Earthworms are known to stimulate soil greenhouse gas (GHG) emissions, but the majority of previous studies have used simplified model systems or lacked continuous high-frequency measurements. To address this, we conducted a two-year study using large lysimeters (5 m² area and 1.5 m soil depth) in an ecotron facility, continuously measuring ecosystem-level CO₂, N₂O, and H₂O fluxes. We investigated the impact of endogeic and anecic earthworms on GHG emissions and ecosystem water use efficiency (WUE) in a simulated agricultural setting. Although we observed transient stimulations of carbon fluxes in the presence of earthworms, cumulative fluxes over the study indicated no significant increase in CO₂ emissions. Endogeic earthworms reduced N₂O emissions during the wheat culture (-44.6%), but this effect was not sustained throughout the experiment. No consistent effects on ecosystem evapotranspiration or WUE were found. Our study suggests that earthworms do not significantly contribute to GHG emissions over a two-year period in experimental conditions that mimic an agricultural setting. These findings highlight the need for realistic experiments and continuous GHG measurements.

The CO₂ concentration was measured at the inlet and outlet of each dome (every 12 min) using a multiplexer system coupled with two LI-7000 CO₂/H₂O analysers (LI-COR Biosciences, Lincoln, NE, USA). The Reichstein et al. (2005) C flux partitioning algorithm was used to estimate the daytime ecosystem respiration based on an exponential regression model (Lloyd et al., 1994). This allowed for the estimation of ecosystem respiration over 24 h (Reco = Reco_night + Reco_day) and gross primary production (GPP = NEE_day – Reco_day).

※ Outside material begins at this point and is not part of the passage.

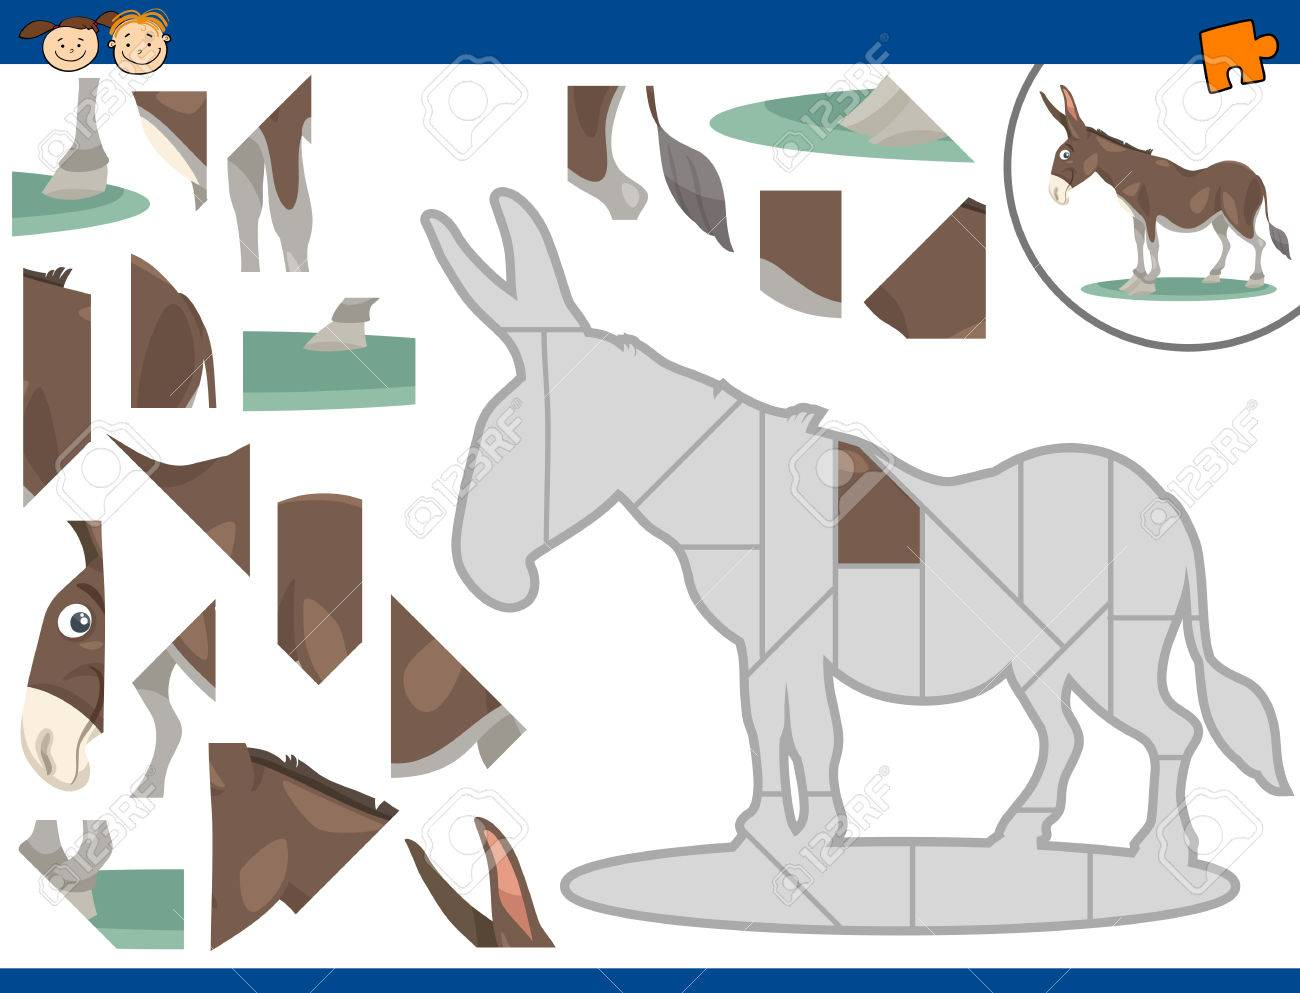 ロバ動物文字で幼児教育ジグソー パズル タスクの漫画イラスト

Ecosystem-level N₂O fluxes were measured continuously as an open system using a TILDAS Compact Single analyser (N₂O Aerodyne Research, Inc., USA). The analyzer was coupled to a multiplexer system allowing N₂O fluxes measurement every 72 min for each Macrocosm. Evapotranspiration (ET) was computed as the lysimeter weight difference between two consecutive days. Four shear beam load cells per lysimeter (CMI-C3, Precia-Molen, Privas CEDEx France), with an accuracy of ±200 g, were used to measure the changes in mass. Ecosystem WUE was estimated as the ratio of GPP to ET derived from measurements by lysimeter weight changes over 24h.

Earthworms were sampled by utilizing the non-invasive octet electric method (Schmidt et al., 2001), which enabled sampling of a 1 m² surface area for a duration of 50 minutes using a customized version of the octet device manufactured by Electrotechnik Schuller (Darmstadt, Germany). To achieve coverage of the entire 5 m² surface area, five devices were simultaneously deployed.

References:

Reichstein, M. et al. On the separation of net ecosystem exchange into assimilation and ecosystem respiration: review and improved algorithm. Glob. Change Biol. 11, 1424–1439 (2005).

Lloyd, J. & Taylor, J. A. On the Temperature Dependence of Soil Respiration. Funct. Ecol. 8, 315–323 (1994).

Schmidt, O. Appraisal of the electrical octet method for estimating earthworm populations in arable land. Ann. Appl. Biol. 138, 231–241 (2001).